We don’t do quotas, we are just mindful of what we’re representing. And I think that speaks to the programming staff. We also know our blind spots, and we talk about our blind spots as well when we’re discussing films. Being a woman director of programming, gender parity is something I feel very strongly about, and we’ve been successful with that every year since I’ve been here. But it’s more than that.

Dear Producer’s Sean Farnel writes a how-to guide for independent filmmakers who want to submit their film to festivals, as well as a caveat on "how bogus festivals exploit an aspirational culture (the top fests too)"

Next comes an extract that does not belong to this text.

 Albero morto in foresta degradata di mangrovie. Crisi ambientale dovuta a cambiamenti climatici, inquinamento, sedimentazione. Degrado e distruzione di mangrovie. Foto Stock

The top of the festival food chain feasts on submission fees. These festivals have deep industry networks, do extensive tracking of productions, and actively solicit works for their events. At the major festivals and most credible film festivals, submission fees remain a tax on the outsiders and unsolicited entries are merely revenue-generating fodder.

Film festivals need to address this problem, starting at the top. And the many established, credible, decent, worthy international film festivals doing business on FilmFreeway need to start insisting that the company, recently acquired by Backstage, clean up and apply basic standards and ethics to all events soliciting on the platform.

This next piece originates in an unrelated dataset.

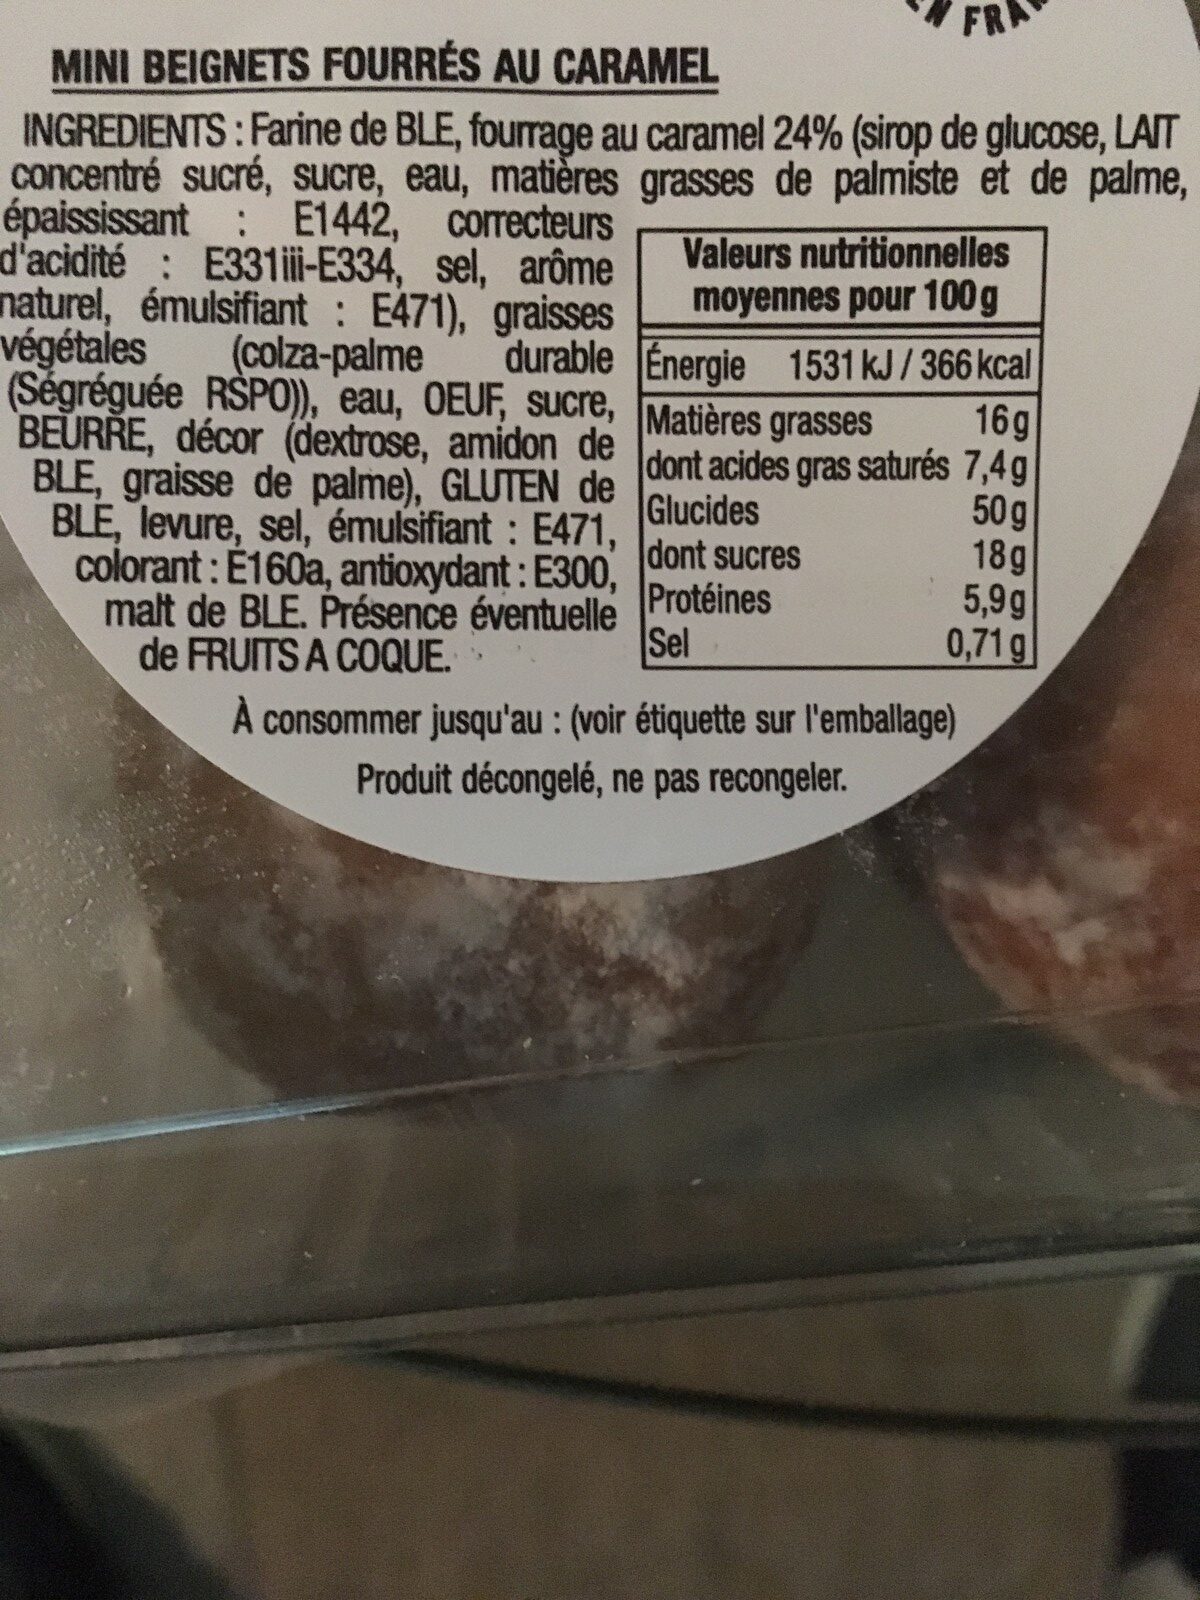 Mini beignets fourrés - Ingrédients

For Hyperallergic, Munir Atalla speaks to the organizers of Queer Cinema for Palestine, "a global alternative event to the Israeli-government-supported Tel Aviv International LGBT Film Festival." 

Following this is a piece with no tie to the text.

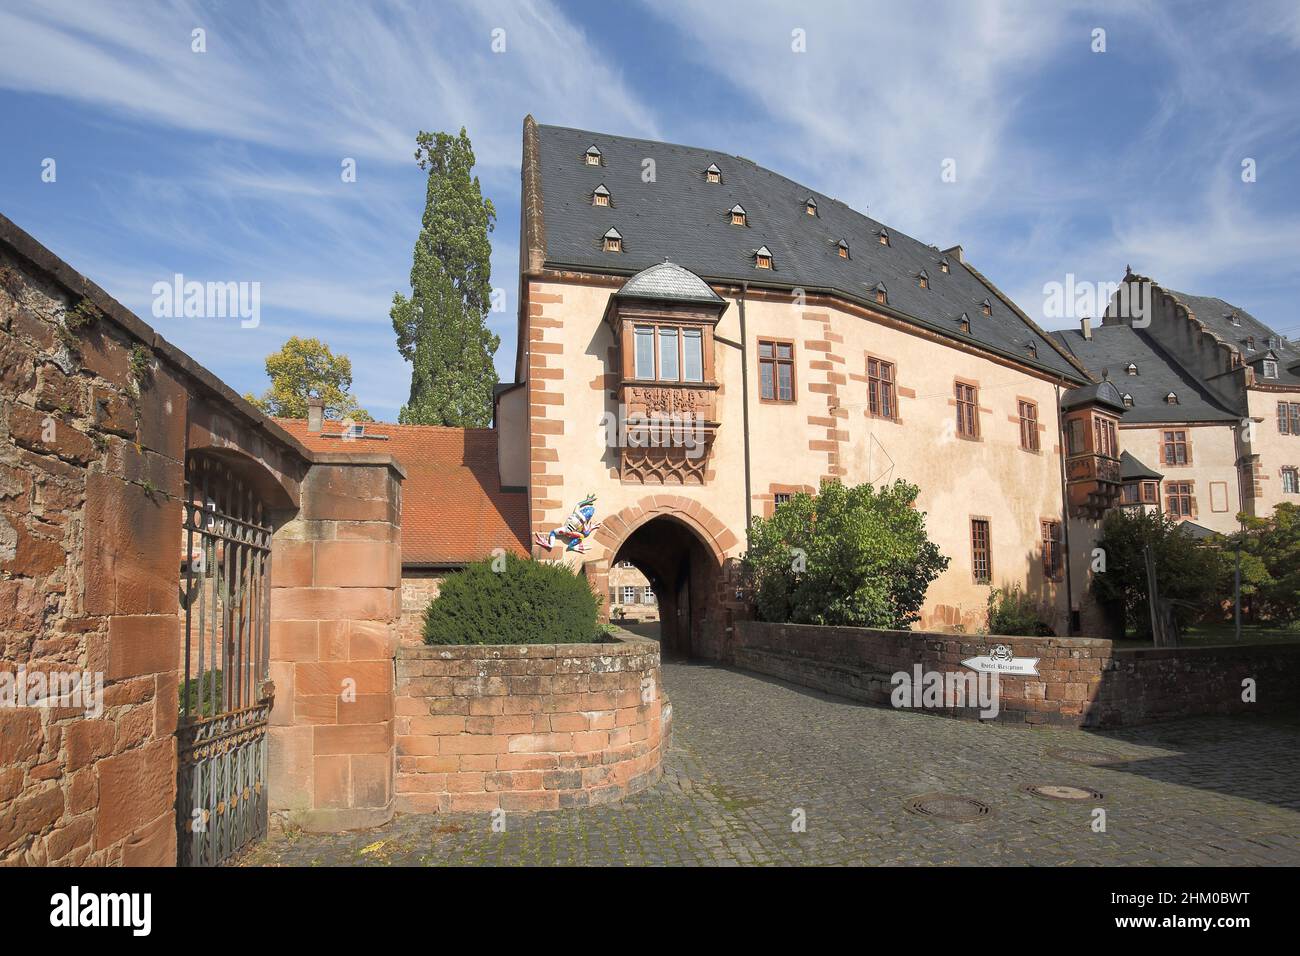 Entrée au château, Büdingen, Hesse, Allemagne Banque D'Images

As queer people, we are inevitably looking for ourselves on screen. Especially those in isolation within patriarchy don’t see ourselves in our surroundings, except for what we might see on screen. Those relationships are necessary to create a sense of self, and they have the power to fundamentally change society. Maybe I’m predisposed to see it this way as a filmmaker, but it’s hard to think of another artform that has had more impact on the way people see us. The representation of queer lives in cinema can change opinions, humanize, promote empathy, and lead to debates about how to organize the society we live in. Queer cinema has always been part of connecting people and dismantling oppressive power structures around the world.

Our colleagues at New Day Films are celebrating 50 years of their fantastic organization. For the New Day Films blog, Amalie R Rothschild, Beverly Seckinger and Sandra Schulberg take a trip down memory lane and remind us of the radical work the organization has been doing since its inception.

New Day Films was founded in 1971 by four filmmakers to distribute their three feminist films for which educational distributors at the time claimed there was no audience: Growing Up Female by Julia Reichert and Jim Klein, Anything You Want To Be by Liane Brandon, and Amalie R. Rothschild's It Happens To Us. How wrong the naysayers were! "The whole idea of distribution," noted co-founders Julia Reichert and Liane Brandon, "was to help the women's movement grow. Films could do that; they could get the ideas out. We could watch the women's movement spread across the country just by who was ordering our films. First it was Cambridge and Berkeley, and then the first showing in the deep South. "

From the Archive, September 1 2001: "30 Years On, There's Still a New Day For Marketing and Distribution"

In the early ’70s, four producers learned that their feminist films were too "controversial" to market. No distributor would touch them. So the producers pooled their resources: They bought mailing lists, designed brochures and sent them out. The strategy worked, and New Day Films was born. Within a few years the cooperative had expanded to include other producers whose films focused on issues of social justice and diversity. Today, New Day has 67 independent producers with 138 films and videos on topics ranging from multiculturalism to media to mental health.